September 08, 2008

joy in being grateful for communication technology

Flight BA0062 from Entebbe to Heathrow is in the air. Actually it left on time, but the BA website fooled me for more than half an hour giving the appearance that it was late departing. That gave me a few worried moments. But I am so glad to be able to know that it is safely launched. And an hour before it left I said goodbye to my dear girls on their last minutes of airtime on the African networked cell phone and my last minutes of Skype. I can't imagine how the trip would have been if we hadn't had that contact. I got the chance to "see" my brave girls to the departure gate.

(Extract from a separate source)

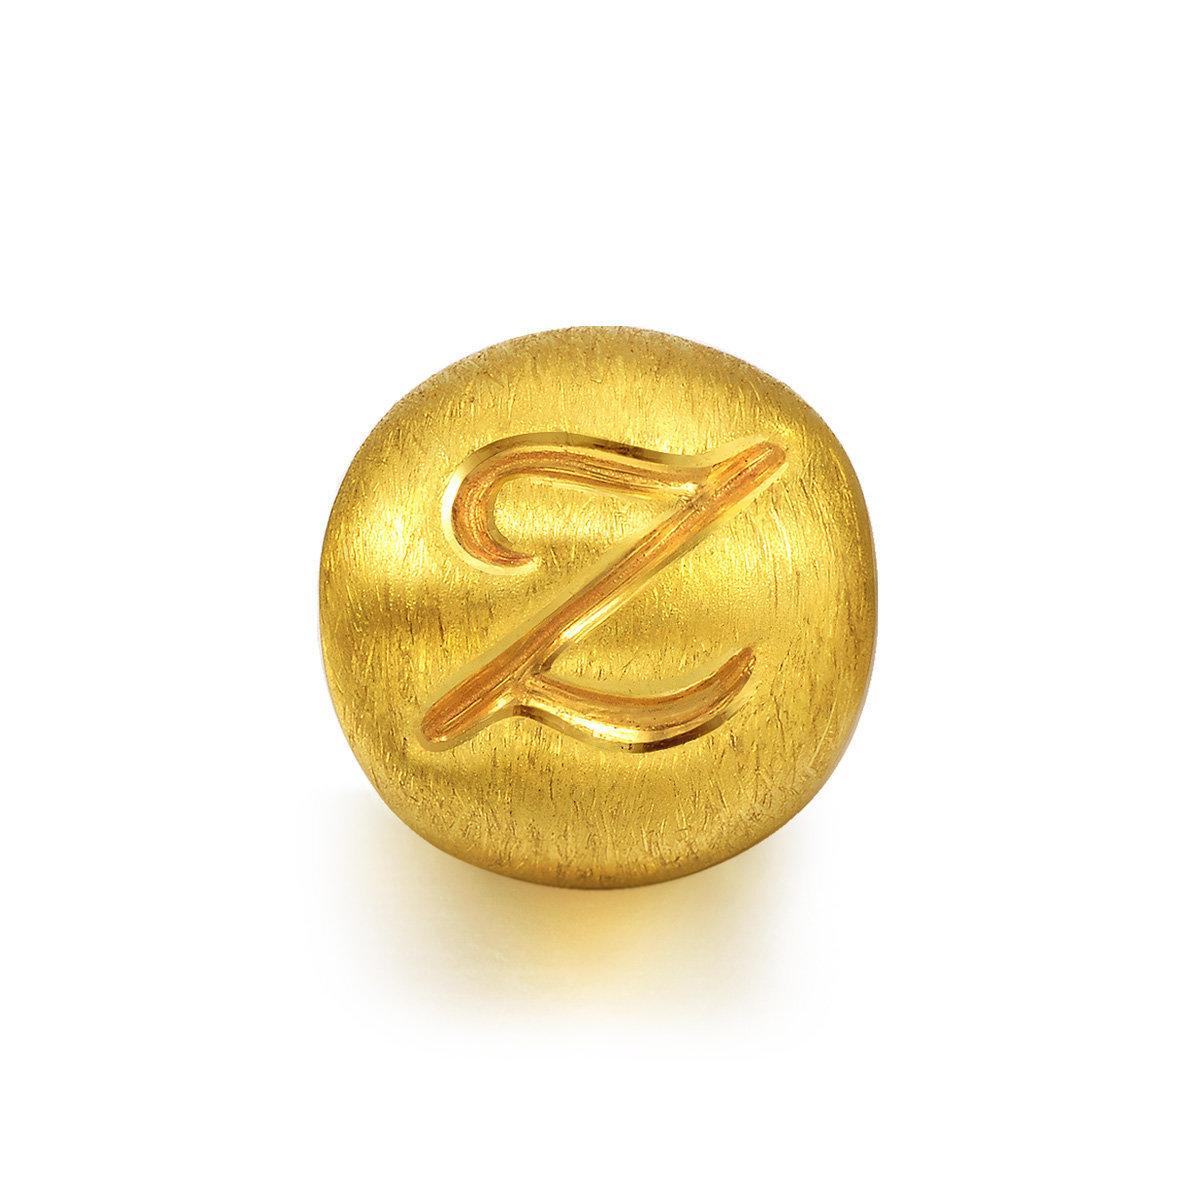 Charme 'Alphabets' 999 Gold Letter Z Charm (Bracelet not included)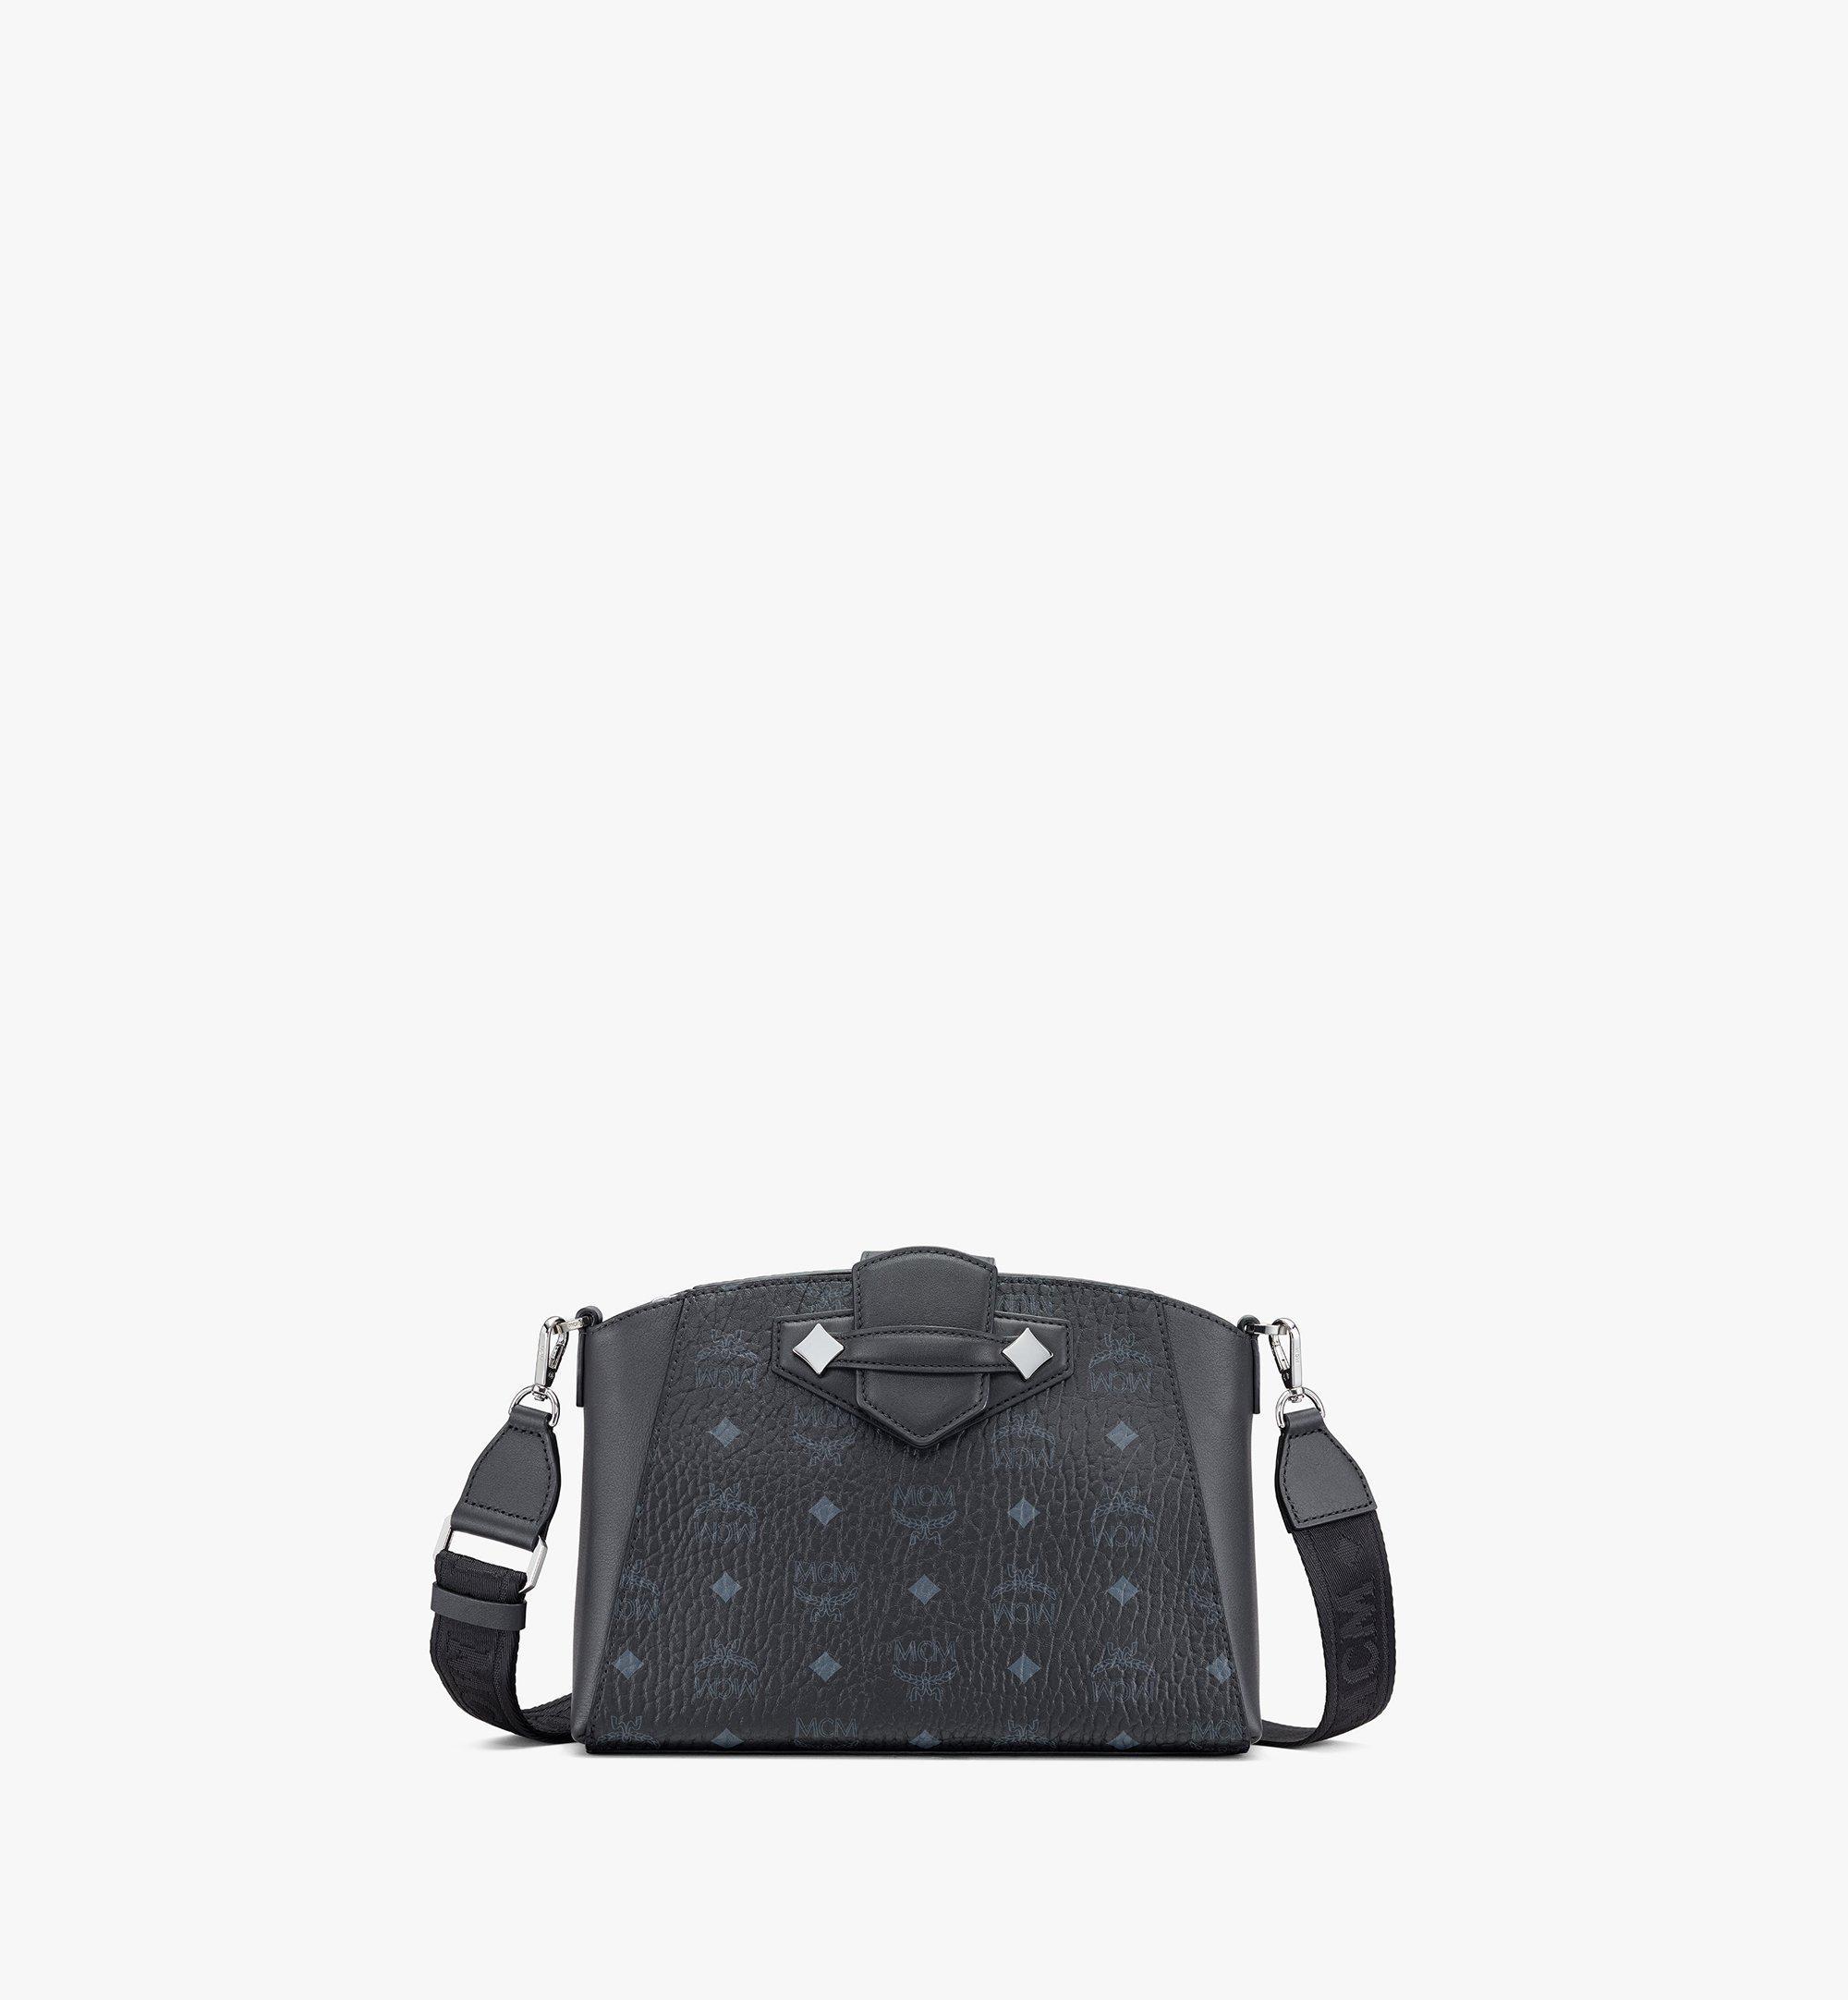 MCM Essential Crossbody Bag in Visetos Original Black MWRASSE07BK001 Alternate View 1

After all, they had travelled on their own for half an hour in a taxi from Kampala, leaving our friends' home at 6 a.m. their time. How could I have been sure they really got there safely without talking to them? I know Uganda so well. Anything can happen. Yet the whole trip has gone so smoothly, and I am so grateful to have had so much contact by cell phone and often by e mail. So different than when we lived there. My mother got a weekly fax from us, sent from the local post office. Mind you I was not nineteen or seventeen and she was not a fairly new Mum. So here's this doting Mum, so proud of my girls, getting to participate in their lives, show my love in a tangible way, and pray them through the next stage.

But I guess the big communication deal is really in the "air" in a different way. It's all about God's "technology", His airtime, and His power. Cellphones and internet have got nothing on Him. Never did. Thank God for that. But thank God for them anyway.

1 comment:

Belinda said...

I was thinking of your girls today too, Meg! You are three brave girls! :)

Yes, things have changed so much in terms of communication technology and how much we take the ease of communication for granted. I remember in 1969 as a young bride, coming here at 19, and we couldn't afford a phone for our first year. We relied on letters, and once I remember gathering up a huge pile of change and going to a call box to call home. I was so homesick and wretchedly miserable that first year! Home seemed so far away.